25+ Tinnitus Facts and Findings You Need To Know Now
Updated 10 July 2019
Ever heard the one about the guy who kept trying to reach the tinnitus helpline? When he finally got through, voicemail told him to just leave his message … at the sound of the tone. Joking aside, if you’re one of the 50 million Americans who report ringing in the ears, there is nothing funny about tinnitus.
Photo credit: Jason Rogers, via Wikimedia Commons
Researchers have been trying to zero in on exactly why so many people experience the phantom sound of ringing in their ears, not to mention the best ways to make it stop. But thanks to recent advances in genomics, cognitive psychology, and magnetic resonance imaging (MRI) technology, they are making a lot of progress.

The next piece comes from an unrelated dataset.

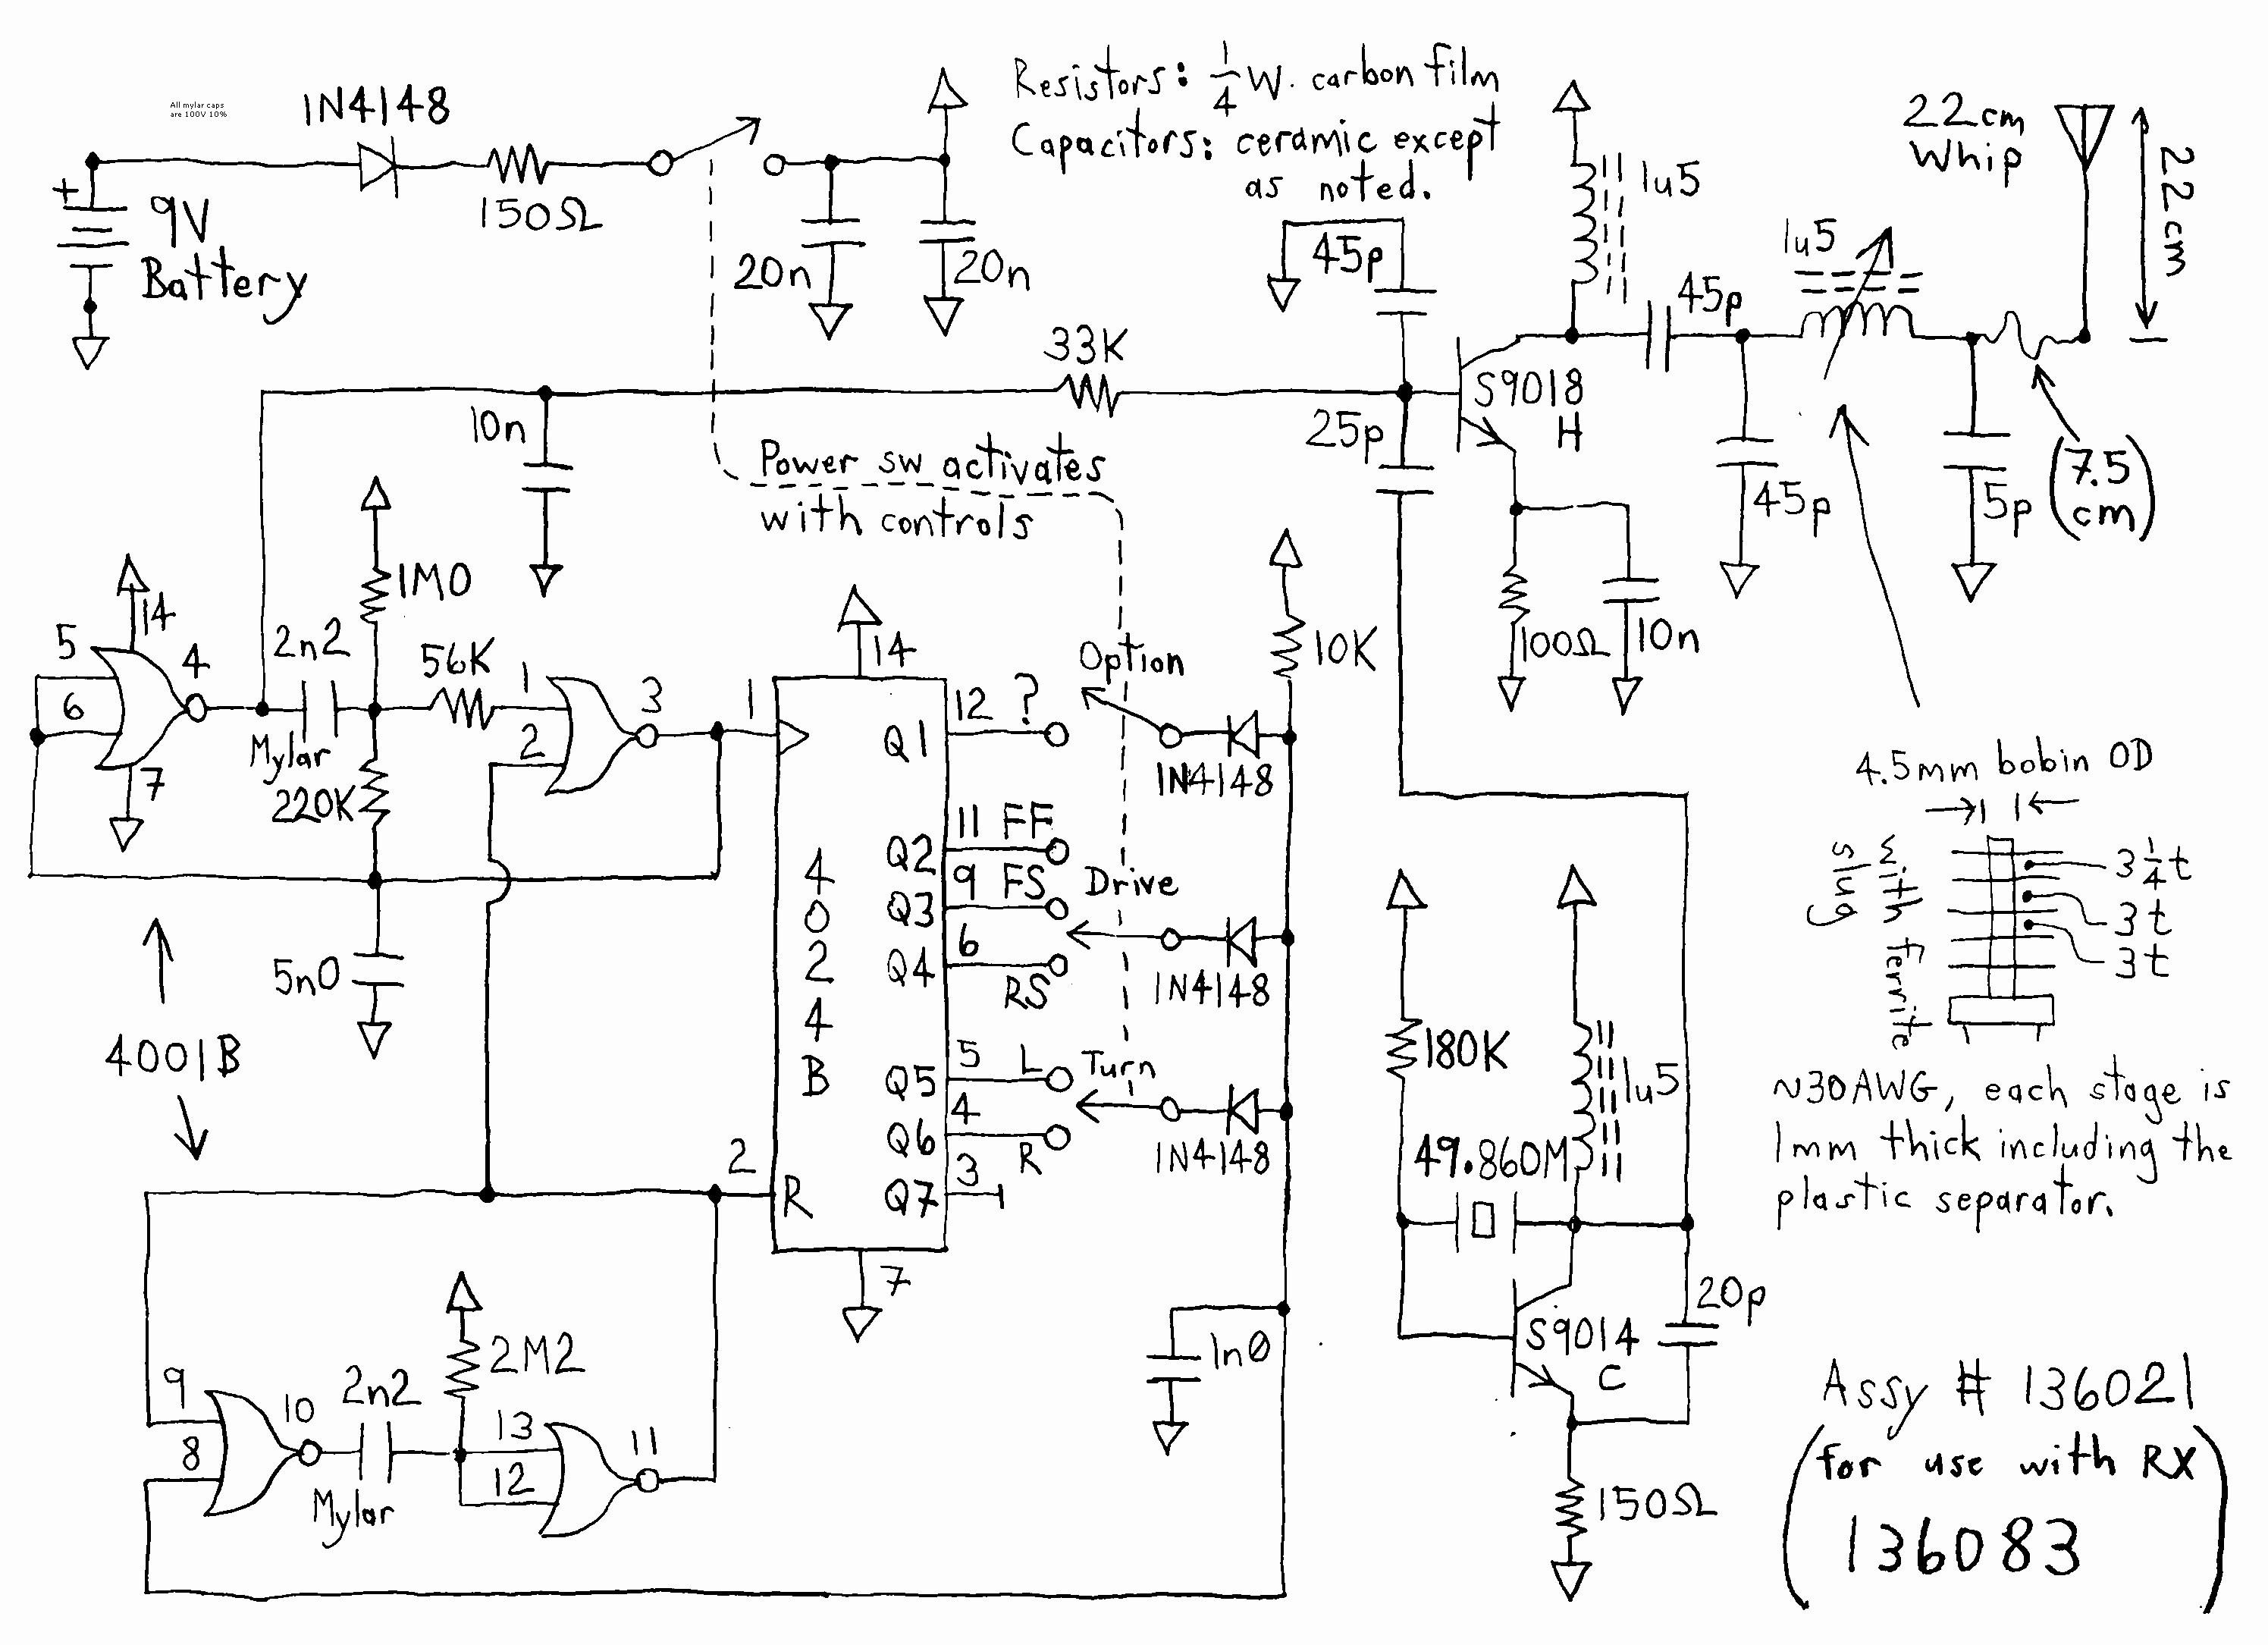 Old Fashioned Pioneer Avic D1 Wiring Diagram Image Collection Best Dish 500 Wiring Diagram Ideas Wiring Diagram Ideas blogitia

Tinnitus researchers have been making so much progress of late that it’s hard to keep track of it all. To help, I rounded up 25+ important tinnitus facts, insights, and breakthroughs, starting with the basics to get you up to speed:
1. Tinnitus is most commonly experienced as a high-pitched “ringing in the ear” accompanying hearing loss. As the ear becomes less sensitive and sends less information to the brain, it is thought that the brain attempts to fill in the missing sounds, leading to the phantom sounds of tinnitus.
2. The word “tinnitus” derives from the Latin tinnītus for “a jingling, ringing.” But not all tinnitus is described as ringing. In a survey of 5,000 tinnitus sufferers, respondents described the noises they hear as whooshing, humming, whining, buzzing, hissing, strumming, tinging, whistling, clicking, ticking, roaring, cicada sound, sizzling, beeping, singing, music and yes, voices.
3. A third of North Americans over 55 experience tinnitus. In fact, tinnitus affects one third of adults at some time in their lives, whereas 10 to 15 percent are disturbed enough to seek medical evaluation.
4. Tinnitus affects about 12 percent of men and 14 percent of women over 65. It is among the most common afflictions among the elderly. It only rarely afflicts the young, with one significant exception: those serving in the armed forces and others who have developed hearing problems as a result of exposure to extremely loud noises. And about those soldiers, tinnitus affects nearly all the soldiers exposed to blasts in Iraq and Afghanistan.
5. Aside from noise-induced hearing loss and sound trauma, tinnitus is also known to co-occur with ear infections, ear wax, stress, anxiety, depression, heart disease, Meniere’s Disease, previous head injuries and musculoskeletal issues in the head and neck.
6. Would you believe that there is a rare form of tinnitus that can actually be heard via a stethoscope? That’s called pulsatile tinnitus, and it’s caused by the sounds of a person’s own pulse, muscle movements, and blood flow.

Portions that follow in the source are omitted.